# [Brief]
Set the whole listing down again exactly as written.

# [Records provided]

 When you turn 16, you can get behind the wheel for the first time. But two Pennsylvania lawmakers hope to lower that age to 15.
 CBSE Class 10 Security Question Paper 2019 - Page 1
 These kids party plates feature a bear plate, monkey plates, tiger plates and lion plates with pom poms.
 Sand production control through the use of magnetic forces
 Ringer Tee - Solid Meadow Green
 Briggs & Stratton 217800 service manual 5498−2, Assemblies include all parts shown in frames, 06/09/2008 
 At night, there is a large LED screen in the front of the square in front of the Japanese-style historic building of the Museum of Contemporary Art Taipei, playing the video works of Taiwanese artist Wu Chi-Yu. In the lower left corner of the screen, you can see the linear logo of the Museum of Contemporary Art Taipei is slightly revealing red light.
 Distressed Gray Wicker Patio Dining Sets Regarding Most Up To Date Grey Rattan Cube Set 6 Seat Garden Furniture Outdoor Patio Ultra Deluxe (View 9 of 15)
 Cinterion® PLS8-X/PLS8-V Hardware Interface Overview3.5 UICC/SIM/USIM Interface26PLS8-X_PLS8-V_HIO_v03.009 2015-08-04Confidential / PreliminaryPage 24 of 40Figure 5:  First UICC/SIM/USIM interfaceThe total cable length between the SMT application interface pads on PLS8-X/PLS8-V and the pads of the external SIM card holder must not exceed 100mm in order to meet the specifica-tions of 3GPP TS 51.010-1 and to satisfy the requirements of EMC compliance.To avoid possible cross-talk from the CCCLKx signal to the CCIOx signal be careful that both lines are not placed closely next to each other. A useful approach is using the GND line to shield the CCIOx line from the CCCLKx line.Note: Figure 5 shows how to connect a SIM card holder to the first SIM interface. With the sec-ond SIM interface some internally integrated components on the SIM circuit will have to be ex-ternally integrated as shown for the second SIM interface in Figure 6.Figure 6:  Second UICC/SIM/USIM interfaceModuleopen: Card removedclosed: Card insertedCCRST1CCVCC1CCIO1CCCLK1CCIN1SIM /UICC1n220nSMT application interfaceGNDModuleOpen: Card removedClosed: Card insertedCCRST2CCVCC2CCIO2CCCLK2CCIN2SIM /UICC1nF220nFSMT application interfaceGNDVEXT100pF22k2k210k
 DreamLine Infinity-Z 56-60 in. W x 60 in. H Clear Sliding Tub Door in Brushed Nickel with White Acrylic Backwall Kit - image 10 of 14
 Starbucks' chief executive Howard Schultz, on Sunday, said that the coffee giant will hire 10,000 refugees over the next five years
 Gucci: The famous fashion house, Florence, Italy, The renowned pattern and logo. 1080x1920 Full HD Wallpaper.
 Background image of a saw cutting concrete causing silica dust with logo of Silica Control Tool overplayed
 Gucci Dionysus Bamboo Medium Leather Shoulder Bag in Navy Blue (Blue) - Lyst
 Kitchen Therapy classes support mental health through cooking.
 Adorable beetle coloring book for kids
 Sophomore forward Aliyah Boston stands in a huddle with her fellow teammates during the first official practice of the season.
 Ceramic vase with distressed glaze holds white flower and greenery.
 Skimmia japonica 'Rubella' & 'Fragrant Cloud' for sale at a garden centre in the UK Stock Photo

# [Result for this task]
 When you turn 16, you can get behind the wheel for the first time. But two Pennsylvania lawmakers hope to lower that age to 15.
 CBSE Class 10 Security Question Paper 2019 - Page 1
 These kids party plates feature a bear plate, monkey plates, tiger plates and lion plates with pom poms.
 Sand production control through the use of magnetic forces
 Ringer Tee - Solid Meadow Green
 Briggs & Stratton 217800 service manual 5498−2, Assemblies include all parts shown in frames, 06/09/2008 
 At night, there is a large LED screen in the front of the square in front of the Japanese-style historic building of the Museum of Contemporary Art Taipei, playing the video works of Taiwanese artist Wu Chi-Yu. In the lower left corner of the screen, you can see the linear logo of the Museum of Contemporary Art Taipei is slightly revealing red light.
 Distressed Gray Wicker Patio Dining Sets Regarding Most Up To Date Grey Rattan Cube Set 6 Seat Garden Furniture Outdoor Patio Ultra Deluxe (View 9 of 15)
 Cinterion® PLS8-X/PLS8-V Hardware Interface Overview3.5 UICC/SIM/USIM Interface26PLS8-X_PLS8-V_HIO_v03.009 2015-08-04Confidential / PreliminaryPage 24 of 40Figure 5:  First UICC/SIM/USIM interfaceThe total cable length between the SMT application interface pads on PLS8-X/PLS8-V and the pads of the external SIM card holder must not exceed 100mm in order to meet the specifica-tions of 3GPP TS 51.010-1 and to satisfy the requirements of EMC compliance.To avoid possible cross-talk from the CCCLKx signal to the CCIOx signal be careful that both lines are not placed closely next to each other. A useful approach is using the GND line to shield the CCIOx line from the CCCLKx line.Note: Figure 5 shows how to connect a SIM card holder to the first SIM interface. With the sec-ond SIM interface some internally integrated components on the SIM circuit will have to be ex-ternally integrated as shown for the second SIM interface in Figure 6.Figure 6:  Second UICC/SIM/USIM interfaceModuleopen: Card removedclosed: Card insertedCCRST1CCVCC1CCIO1CCCLK1CCIN1SIM /UICC1n220nSMT application interfaceGNDModuleOpen: Card removedClosed: Card insertedCCRST2CCVCC2CCIO2CCCLK2CCIN2SIM /UICC1nF220nFSMT application interfaceGNDVEXT100pF22k2k210k
 DreamLine Infinity-Z 56-60 in. W x 60 in. H Clear Sliding Tub Door in Brushed Nickel with White Acrylic Backwall Kit - image 10 of 14
 Starbucks' chief executive Howard Schultz, on Sunday, said that the coffee giant will hire 10,000 refugees over the next five years
 Gucci: The famous fashion house, Florence, Italy, The renowned pattern and logo. 1080x1920 Full HD Wallpaper.
 Background image of a saw cutting concrete causing silica dust with logo of Silica Control Tool overplayed
 Gucci Dionysus Bamboo Medium Leather Shoulder Bag in Navy Blue (Blue) - Lyst
 Kitchen Therapy classes support mental health through cooking.
 Adorable beetle coloring book for kids
 Sophomore forward Aliyah Boston stands in a huddle with her fellow teammates during the first official practice of the season.
 Ceramic vase with distressed glaze holds white flower and greenery.
 Skimmia japonica 'Rubella' & 'Fragrant Cloud' for sale at a garden centre in the UK Stock Photo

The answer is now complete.